Rails :include vs. :joins
It appears that the :include
functionality was changed with Rails 2.1. Rails used to do the join in all cases, but for performance reasons it was changed to use multiple queries in some circumstances. This blog post by Fabio Akita has some good information on the change (see the section entitled "Optimized Eager Loading").
The difference between joins and include is that using the include statement generates a much larger SQL query loading into memory all the attributes from the other table(s).
For example, if you have a table full of comments and you use a :joins => users to pull in all the user information for sorting purposes, etc it will work fine and take less time than :include, but say you want to display the comment along with the users name, email, etc. To get the information using :joins, it will have to make separate SQL queries for each user it fetches, whereas if you used :include this information is ready for use.
Great example:
http://railscasts.com/episodes/181-include-vs-joins
.joins
will just joins the tables and brings selected fields in return. if you call associations on joins query result, it will fire database queries again
:includes
will eager load the included associations and add them in memory. :includes
loads all the included tables attributes. If you call associations on include query result, it will not fire any queries
I was recently reading more on difference between :joins
and :includes
in rails. Here is an explaination of what I understood (with examples :))
Consider this scenario:
A User has_many comments and a comment belongs_to a User.
The User model has the following attributes: Name(string), Age(integer). The Comment model has the following attributes:Content, user_id. For a comment a user_id can be null.
Joins:
:joins performs a inner join between two tables. Thus
Comment.joins(:user)
#=> <ActiveRecord::Relation [#<Comment id: 1, content: "Hi I am Aaditi.This is my first comment!", user_id: 1, created_at: "2014-11-12 18:29:24", updated_at: "2014-11-12 18:29:24">,
#<Comment id: 2, content: "Hi I am Ankita.This is my first comment!", user_id: 2, created_at: "2014-11-12 18:29:29", updated_at: "2014-11-12 18:29:29">,
#<Comment id: 3, content: "Hi I am John.This is my first comment!", user_id: 3, created_at: "2014-11-12 18:30:25", updated_at: "2014-11-12 18:30:25">]>
will fetch all records where user_id (of comments table) is equal to user.id (users table). Thus if you do
Comment.joins(:user).where("comments.user_id is null")

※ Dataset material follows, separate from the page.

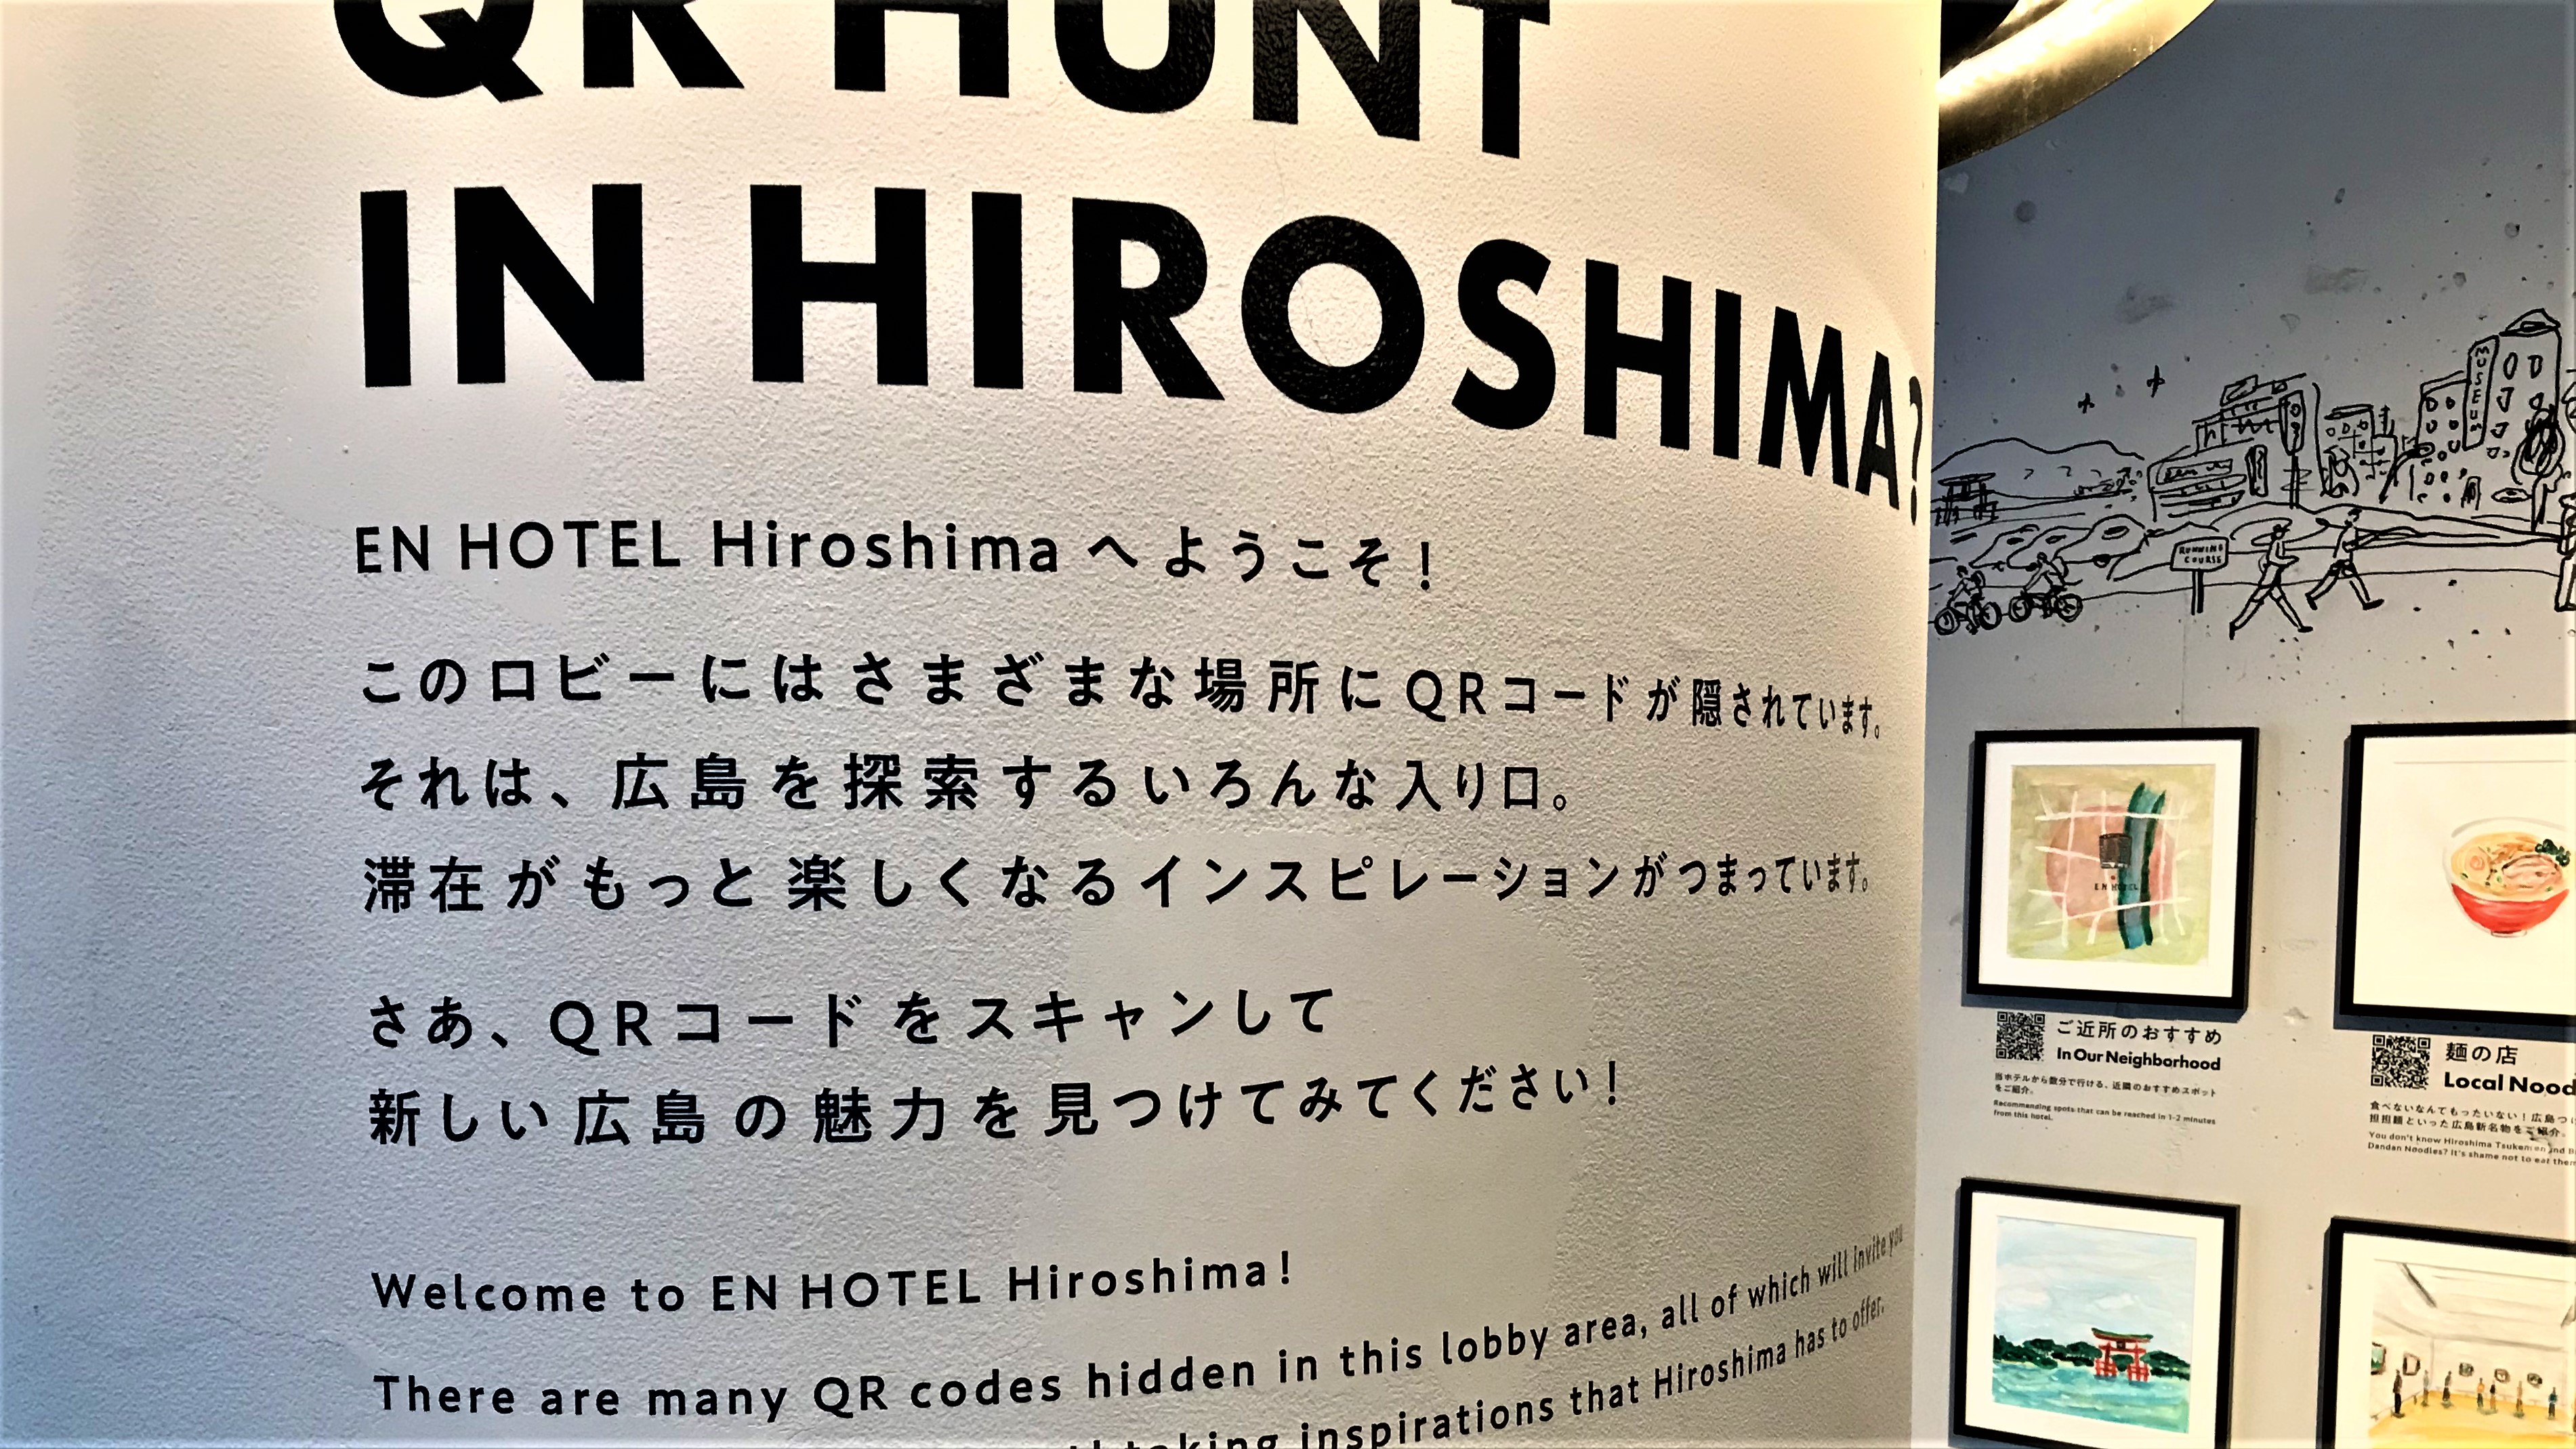 QR HUNT IN HIROSHIMA

#=> <ActiveRecord::Relation []>
You will get a empty array as shown.
Moreover joins does not load the joined table in memory. Thus if you do
comment_1 = Comment.joins(:user).first
comment_1.user.age
#=>←[1m←[36mUser Load (0.0ms)←[0m ←[1mSELECT "users".* FROM "users" WHERE "users"."id" = ? ORDER BY "users"."id" ASC LIMIT 1←[0m [["id", 1]]
#=> 24
As you see, comment_1.user.age
will fire a database query again in the background to get the results
Includes:
:includes performs a left outer join between the two tables. Thus
Comment.includes(:user)
#=><ActiveRecord::Relation [#<Comment id: 1, content: "Hi I am Aaditi.This is my first comment!", user_id: 1, created_at: "2014-11-12 18:29:24", updated_at: "2014-11-12 18:29:24">,
#<Comment id: 2, content: "Hi I am Ankita.This is my first comment!", user_id: 2, created_at: "2014-11-12 18:29:29", updated_at: "2014-11-12 18:29:29">,
#<Comment id: 3, content: "Hi I am John.This is my first comment!", user_id: 3, created_at: "2014-11-12 18:30:25", updated_at: "2014-11-12 18:30:25">,
#<Comment id: 4, content: "Hi This is an anonymous comment!", user_id: nil, created_at: "2014-11-12 18:31:02", updated_at: "2014-11-12 18:31:02">]>
will result in a joined table with all the records from comments table. Thus if you do
Comment.includes(:user).where("comment.user_id is null")
#=> #<ActiveRecord::Relation [#<Comment id: 4, content: "Hi This is an anonymous comment!", user_id: nil, created_at: "2014-11-12 18:31:02", updated_at: "2014-11-12 18:31:02">]>
it will fetch records where comments.user_id is nil as shown.
Moreover includes loads both the tables in the memory. Thus if you do
comment_1 = Comment.includes(:user).first
comment_1.user.age
#=> 24
As you can notice comment_1.user.age simply loads the result from memory without firing a database query in the background.